RECORDS FOR THIS TASK:
..........

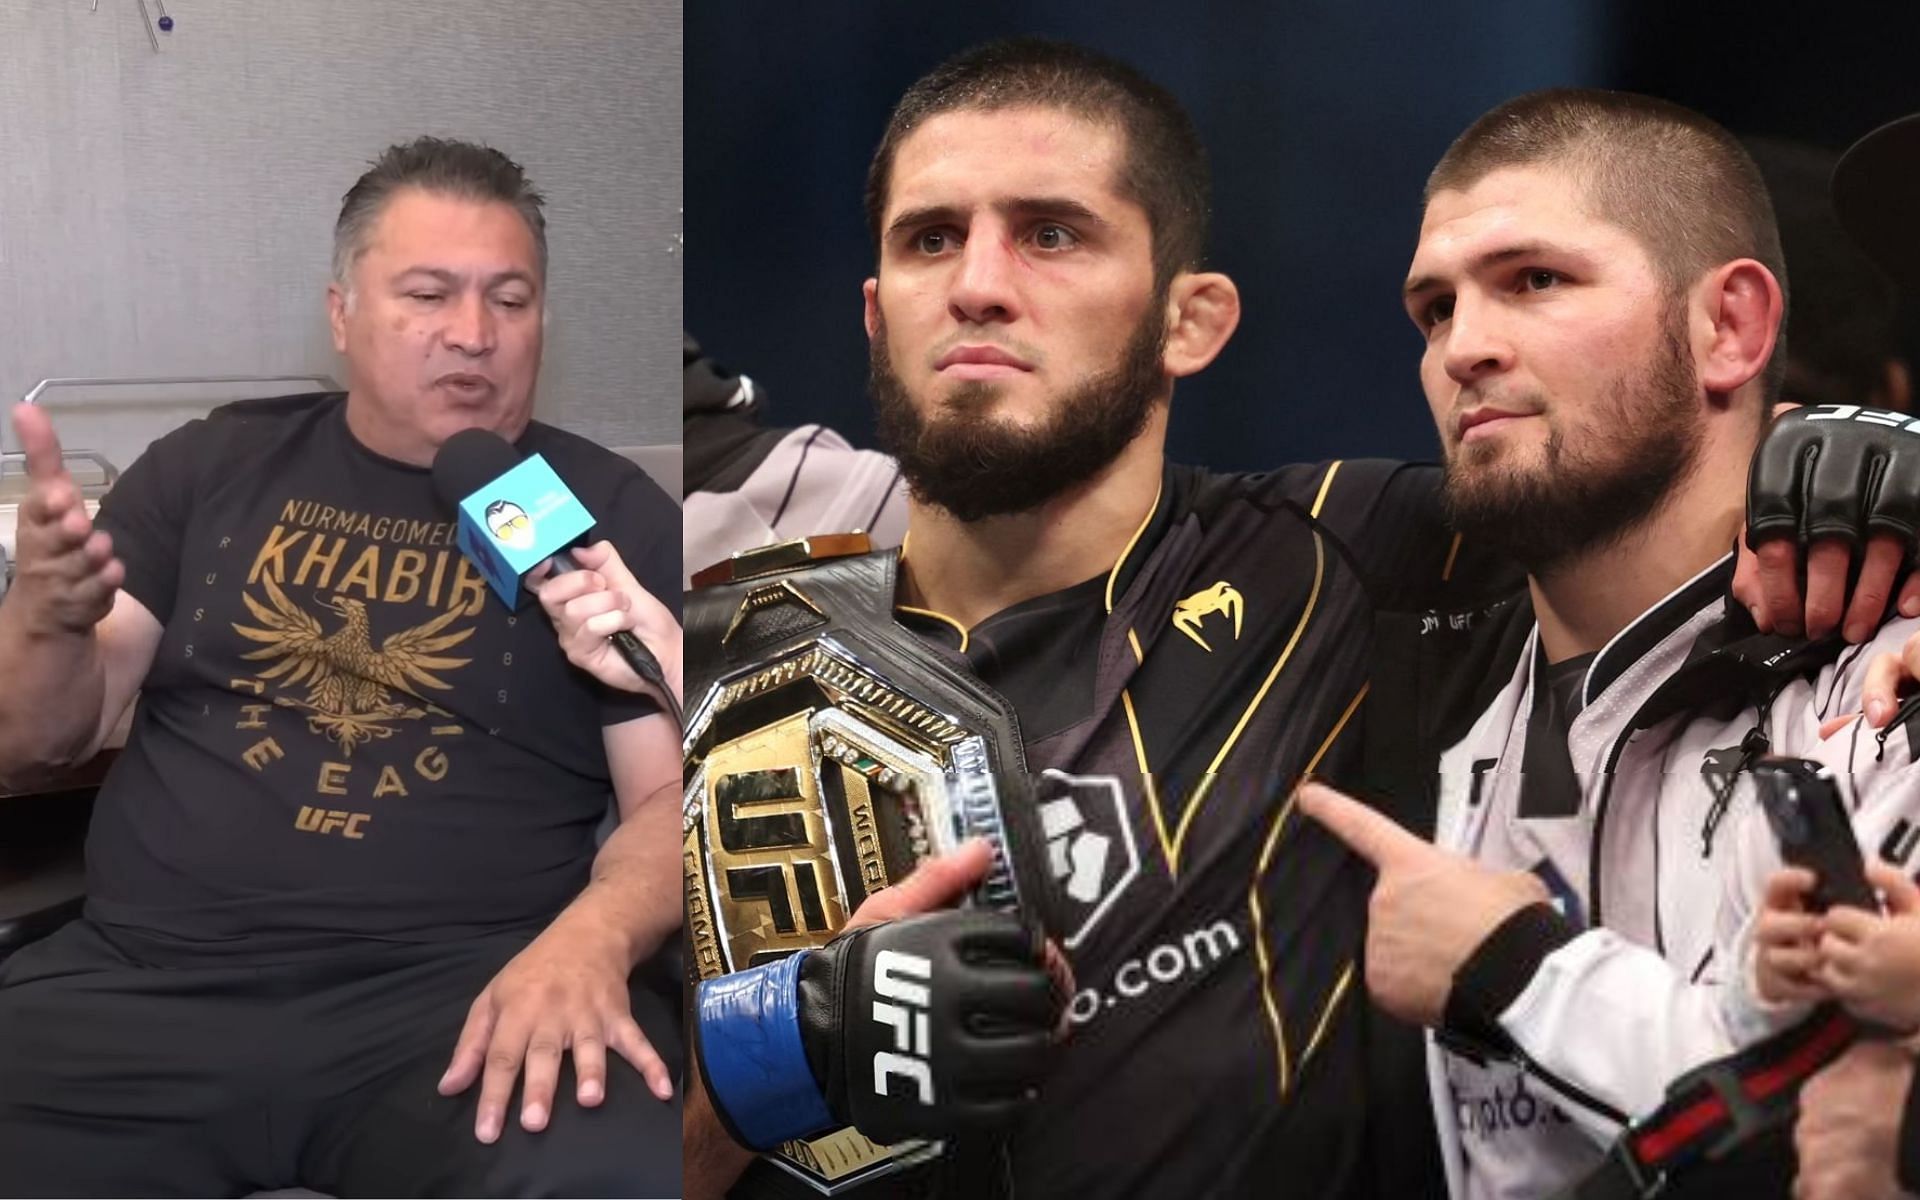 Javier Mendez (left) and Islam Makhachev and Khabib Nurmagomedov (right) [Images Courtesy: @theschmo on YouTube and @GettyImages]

..........

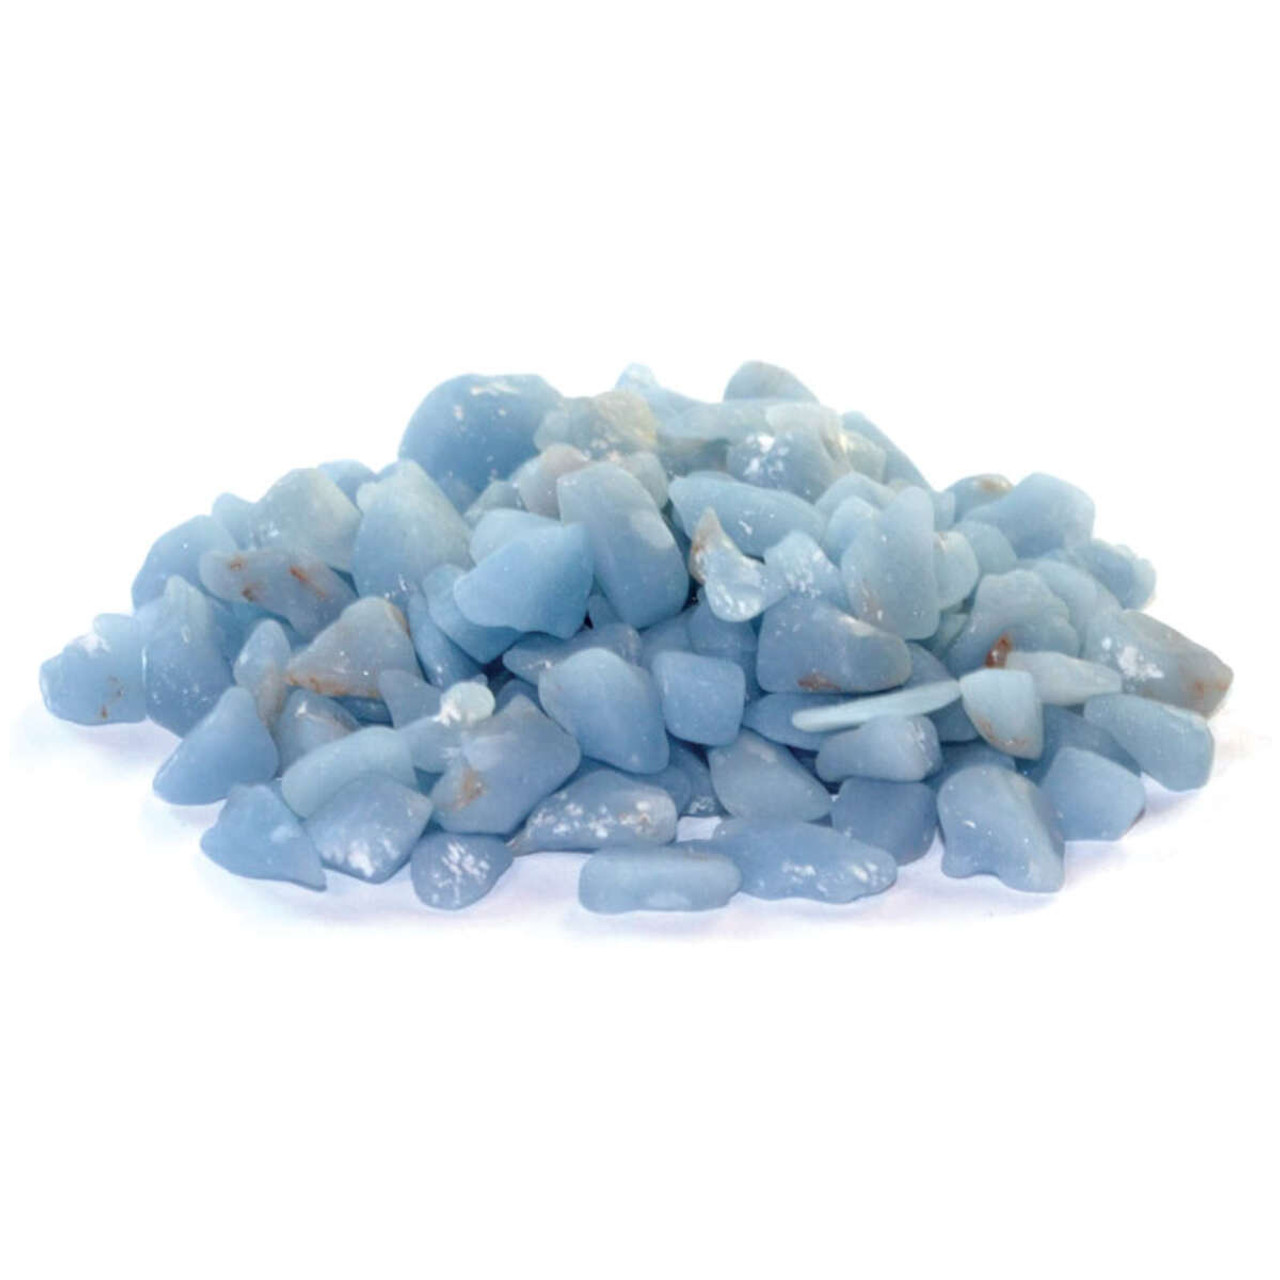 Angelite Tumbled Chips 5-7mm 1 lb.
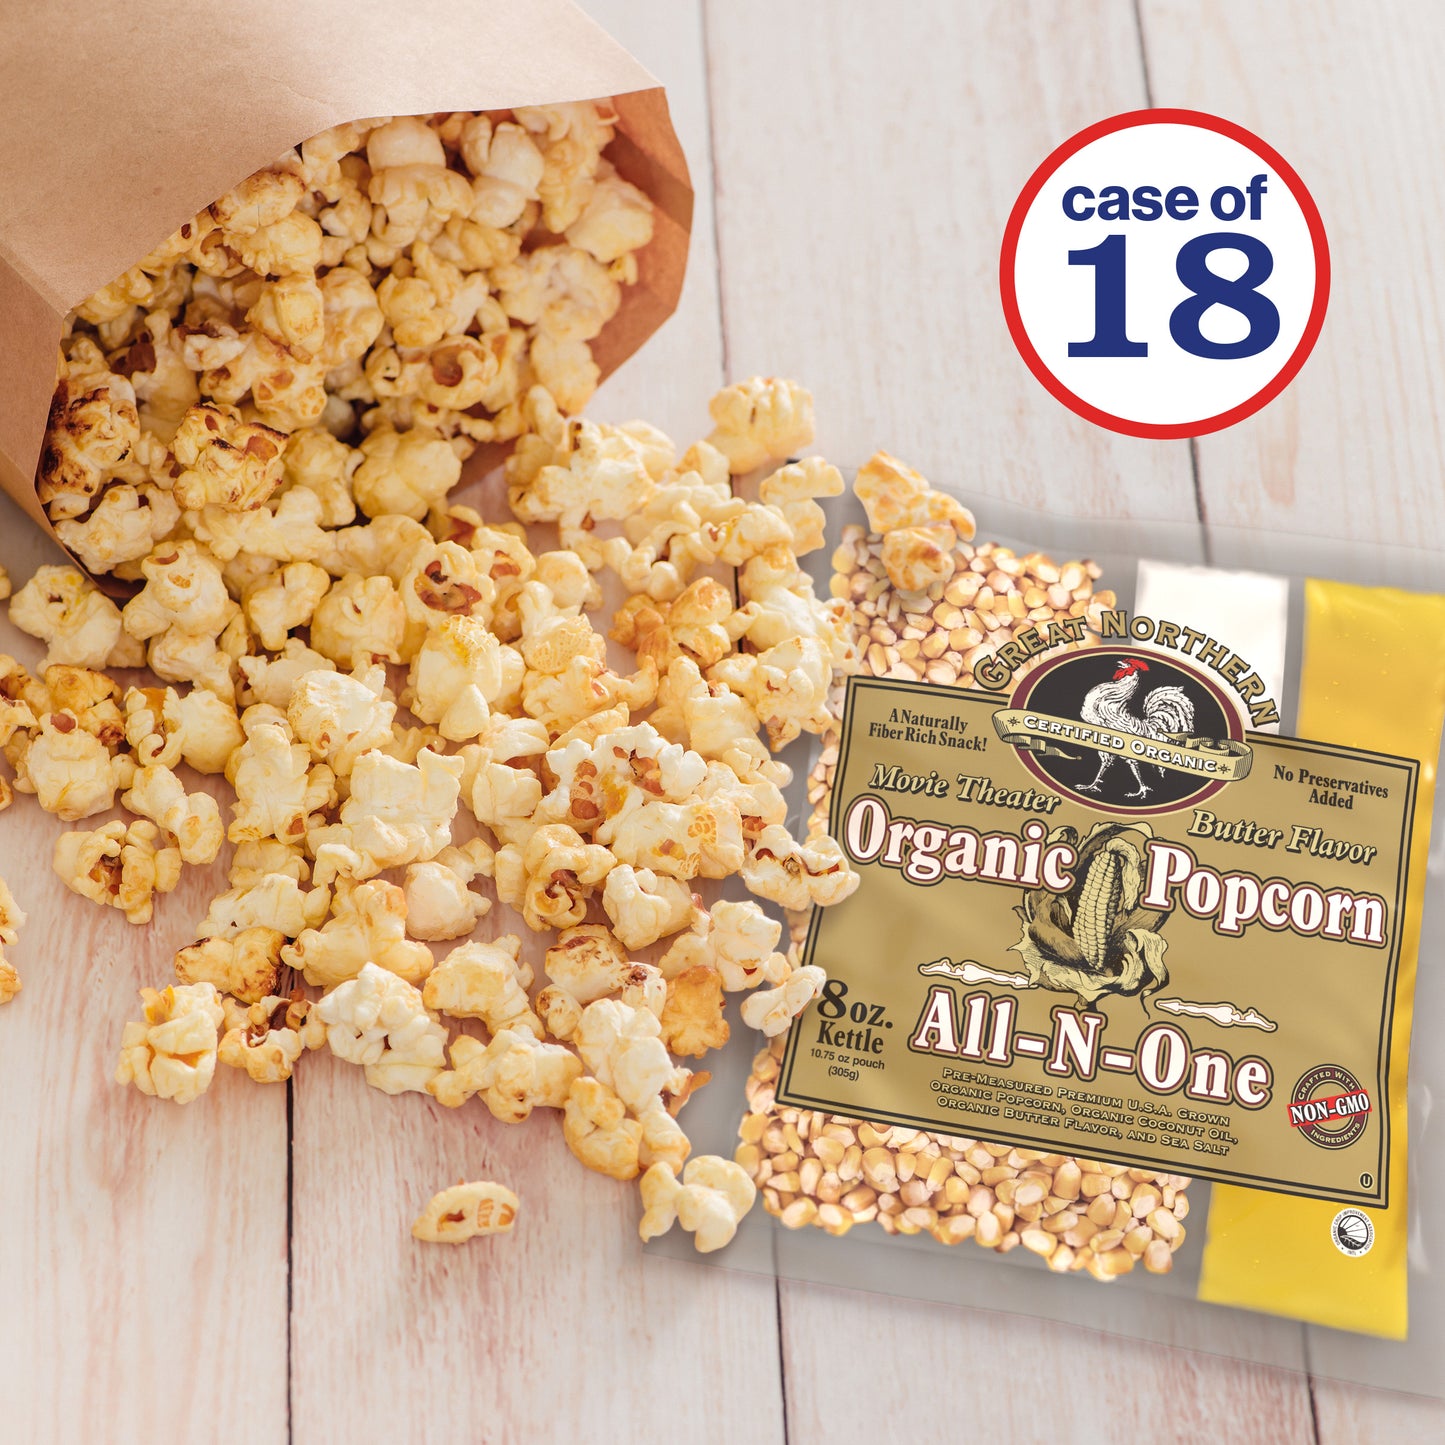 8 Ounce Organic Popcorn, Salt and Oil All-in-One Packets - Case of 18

..........

TASK OBJECTIVE: Using the data above, give again exactly the lines starting at the one holding "Angelite Tumbled Chips 5-7mm 1 lb." and ending at the one holding "8 Ounce Organic", inclusive, and nothing more. Omit the pictures.

RESULT FOR THIS EXERCISE:
 Angelite Tumbled Chips 5-7mm 1 lb.
 8 Ounce Organic Popcorn, Salt and Oil All-in-One Packets - Case of 18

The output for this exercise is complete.